When writing out the listing below, reproduce every word exactly and skip the pictures.
*** Given material Section Begins ***
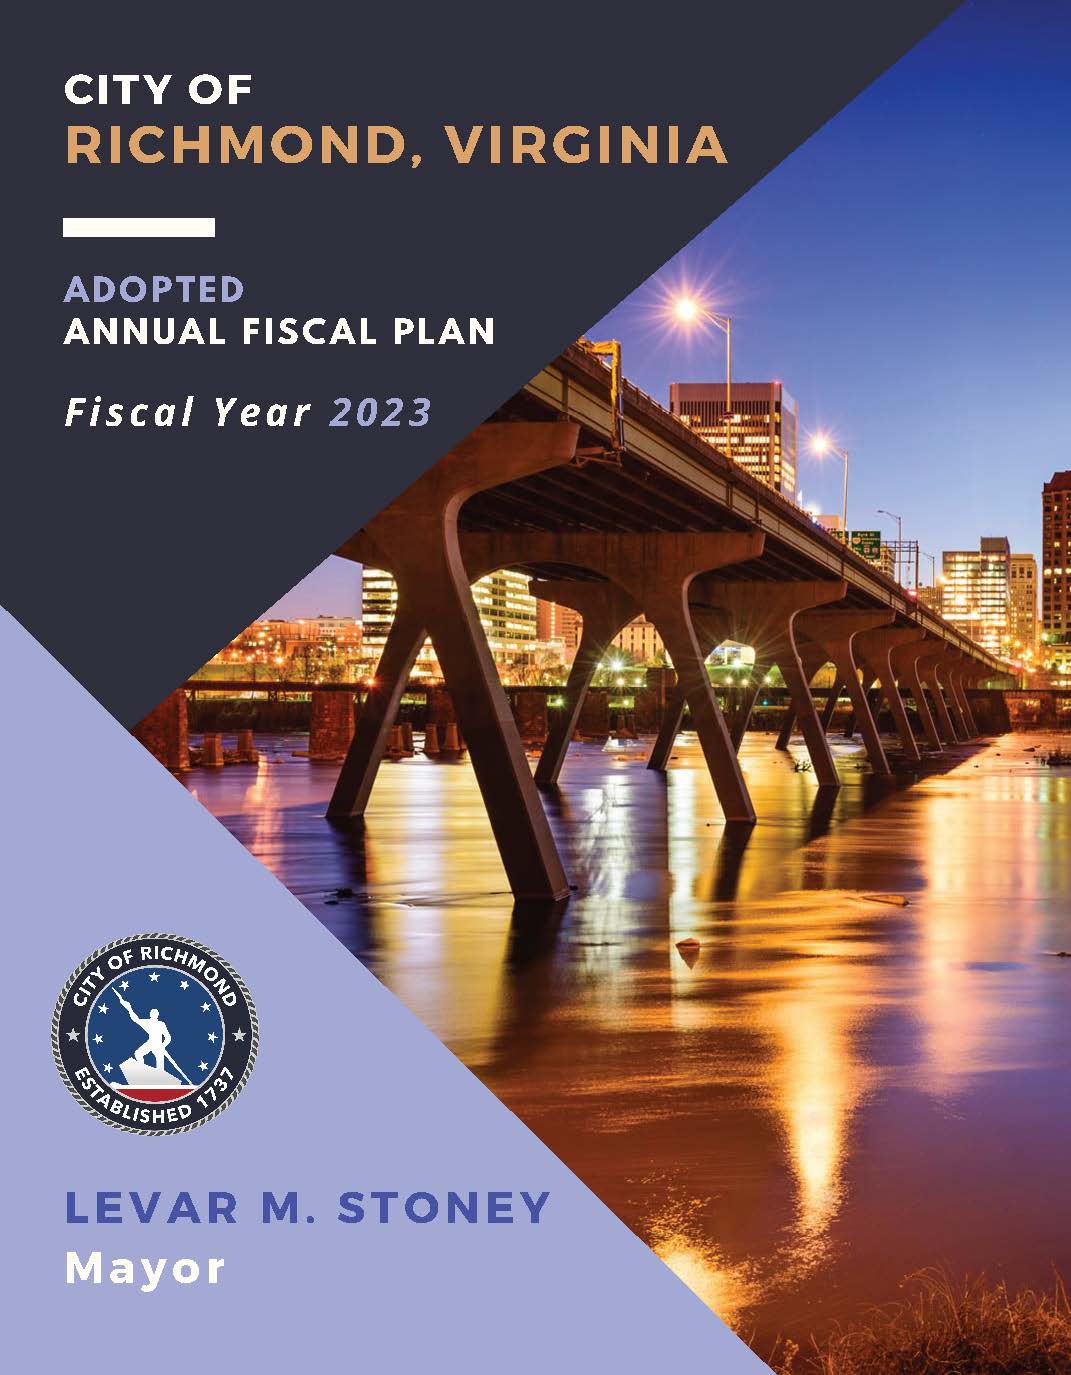 Proposed Annual Fiscal Plan for Fiscal Year 2023
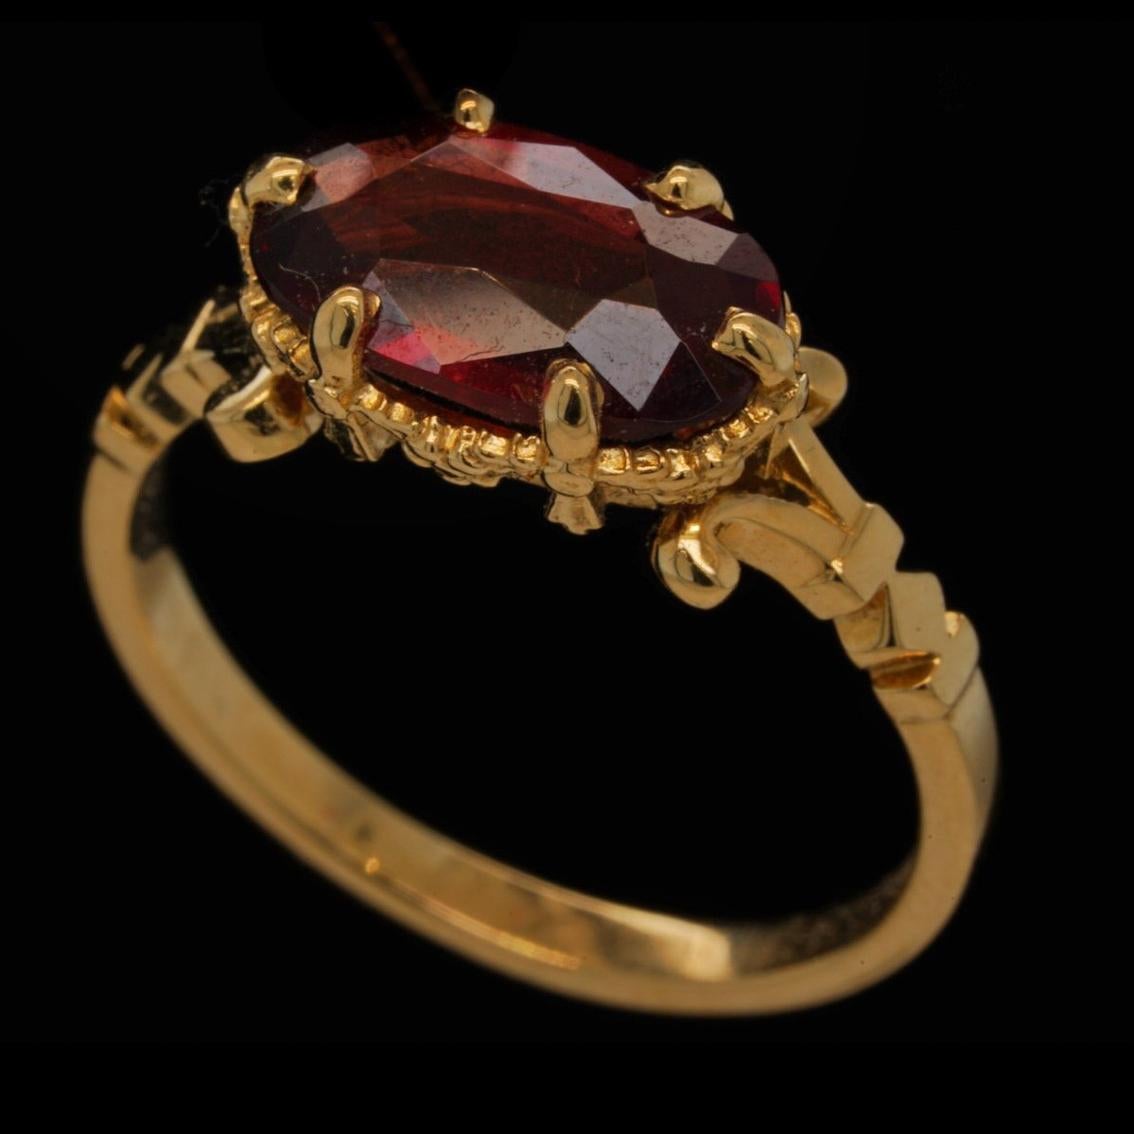 Women's Persephone's Pomegranate Ring in 9 Karat Yellow Gold with Oval Garnet
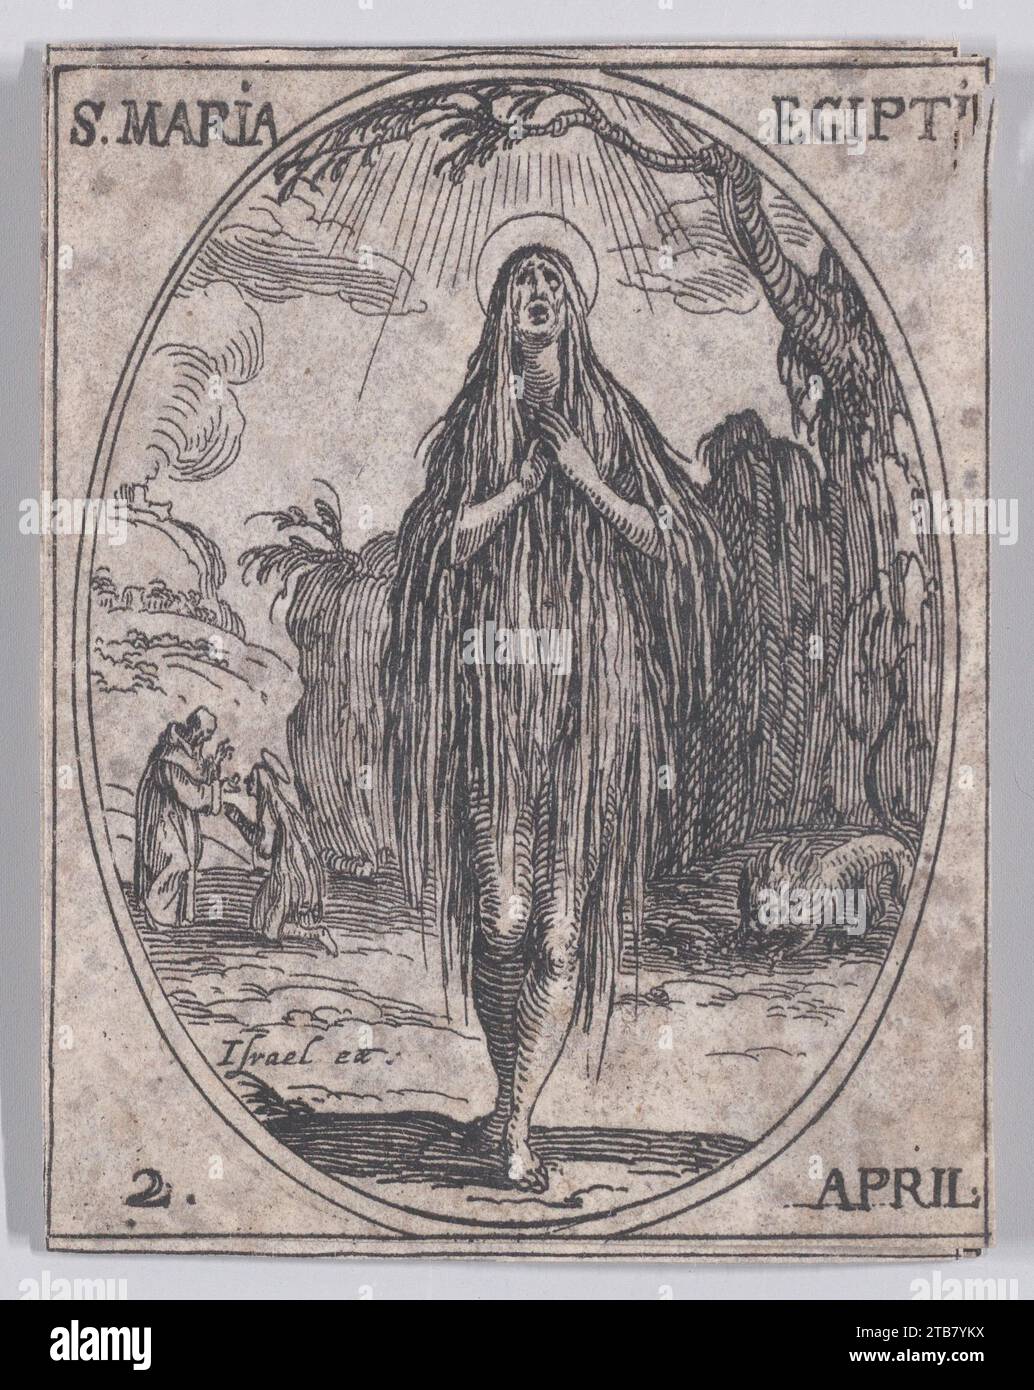 S. Marie Egyptienne (St. Mary of Egypt), April 2nd, from 'Les Images De Tous Les Saincts et Saintes de L'Annee' (Images of All of the Saints and Religious Events of the Year) 1917 by Jacques Callot Stock Photo
*** Given material Section Ends ***
▶ [Your solution]
 Proposed Annual Fiscal Plan for Fiscal Year 2023
 Women's Persephone's Pomegranate Ring in 9 Karat Yellow Gold with Oval Garnet
 S. Marie Egyptienne (St. Mary of Egypt), April 2nd, from 'Les Images De Tous Les Saincts et Saintes de L'Annee' (Images of All of the Saints and Religious Events of the Year) 1917 by Jacques Callot Stock Photo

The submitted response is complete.